Script TIA Plugin
The Script Token Issuance Authorizer executes a custom JavaScript procedure to decide, per scope, whether the scope should be issued, denied, require user consent, or be issued with a capped time-to-live.
The Script TIA runs a JavaScript procedure at token issuance time to produce per-scope decisions. This enables custom business rules, attribute-driven logic, and integration patterns that the other TIA plugins cannot express.
Use Cases#
The Script TIA enables custom token-issuance-authorization logic. Common use cases include:
- Custom Business Rules — implement organization-specific logic for scope issuance that requires custom algorithms or decision trees, such as scope denial based on combinations of subject attributes, time of day, and grant type.
- Attribute-Driven Decisions — authorize the issuance of scopes against attributes that are not part of the standard TIA context, for example custom claims resolved upstream or values read from a configured data source.
- External Authorization Delegation — delegate the decision to an external HTTP service whose contract does not match the AuthZen protocol expected by the AuthZen TIA.
- Conditional Consent and Time-to-Live — require user consent or cap a scope’s lifetime only under specific conditions (for example a stricter TTL for high-risk clients).
Getting Started#
To create a Script TIA, sign in to the Admin UI and navigate to Profiles → Token Service → Scopes → Token Authorization.

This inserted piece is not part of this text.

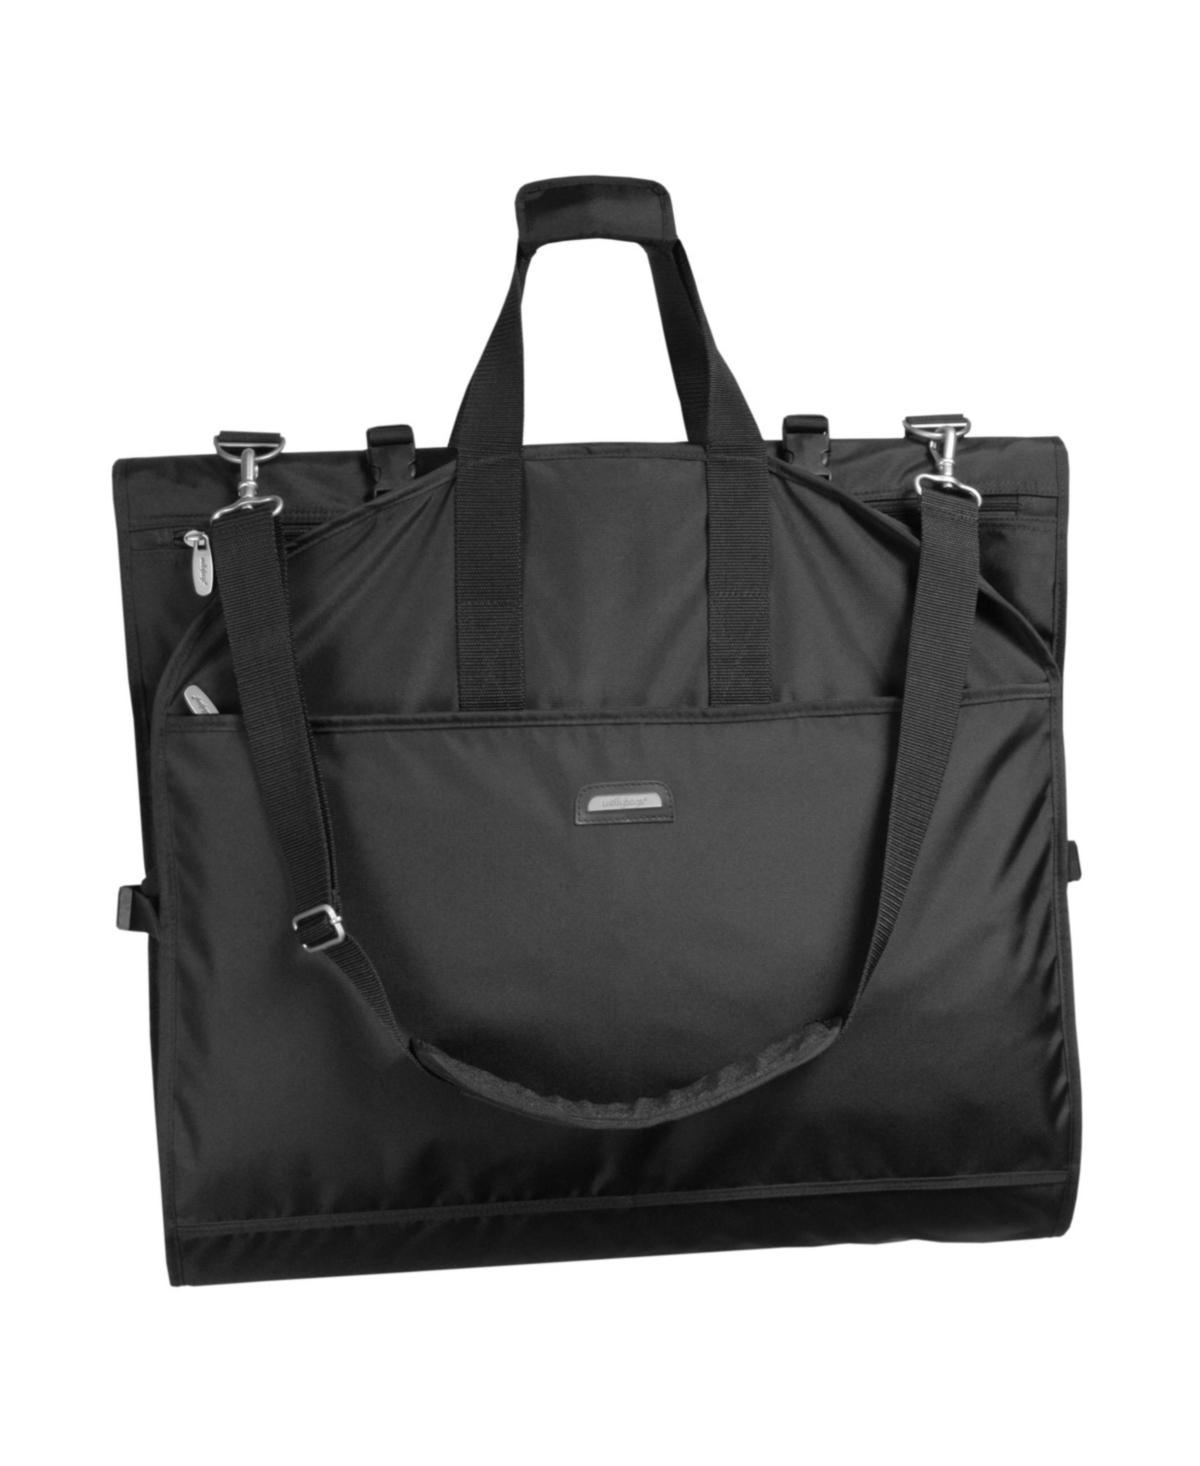 66" Premium Tri-Fold Carry On Destination Wedding Gown Travel Bag with Pockets - Black

Select + New Token Issuance Authorizer, give the TIA a unique identifier, and choose the Script type.
Configure the following settings:
- Script — the JavaScript procedure that returns per-scope decisions. The script is validated at configuration-commit time, so a syntactically invalid script is rejected before it can affect token issuance.
- HTTP Client — optional. Select an HTTP client facility if the script needs to call an external service to inform its decision.
Once the TIA is configured, assign it to one or more scopes in the Scopes section of the Token Profile.
Script Requirements#
The Script TIA requires a JavaScript procedure that:
- exports a top-level function named
resultthat receives the procedure context as its single argument; - returns either a result built with
context.newResultBuilder()or a plain JavaScript object mapping scope names to decisions (or arrays of decisions).
A scope can carry more than one decision at once, for example, the procedure below requires user consent for the
transfer_money scope and caps its lifetime at 5 minutes:
function result(context) {
return context.newResultBuilder()
.requireUserConsent("transfer_money")
.setTimeToLive("transfer_money", 300)
.build();
}Multiple decisions per scope are resolved by the framework - Deny wins over any other decision, the smallest
SetScopeTimeToLive duration wins, and RequireUserConsent is applied if present at least once.
Scopes for which the procedure does not return a decision are treated as denied. This avoids silently issuing scopes when a script forgets to handle one.
Script Context#
The context argument passed to the result function exposes the full token-issuance request context.
Request Data#
| Property | Description |
|---|---|
context.scopeNames | The set of scope names being evaluated by this TIA invocation. |
context.scopeValues | The set of full ScopeValue objects, including any configured TTL per scope. |
context.grantType | The OAuth grant type, e.g. "authorization_code", "client_credentials" |
context.clientAuthenticationMethod | The method used to authenticate the client |
context.client | The OAuth client requesting the token. |
context.subjectAttributes | Subject attributes from the authenticated session. |
context.contextAttributes | Context attributes from the authenticated session. |
context.authenticationAttributes | Authentication attributes. |
context.existingDelegation | The existing delegation for the subject, or null when a new delegation is being created. |
context.request | The current HTTP request. |
Data Sources and Services#
| Property / Method | Description |
|---|---|
context.getAttributeDataSource(id) | Returns the attribute data source configured with the given id, or null. |
context.getBucket(id) | Returns the bucket data source configured with the given id, or null. |
context.getWebServiceClient() | Returns the configured HTTP client for calling external services, or null if no HTTP Client was configured on this TIA. |
Result Builder#
context.newResultBuilder() returns a fluent builder for assembling the result:
| Method | Description |
|---|---|
.allow(scopeName) | Add an Allow decision for the scope. |
.deny(scopeName) | Add a Deny decision for the scope. |
.requireUserConsent(scopeName) | Add a RequireUserConsent decision for the scope. |
.setTimeToLive(scopeName, seconds) | Add a SetScopeTimeToLive decision for the scope. |
.build() | Finalize and return the result. |
Multiple decisions can be added for the same scope, the framework applies deny-wins, minimum-TTL, and consent semantics when resolving them.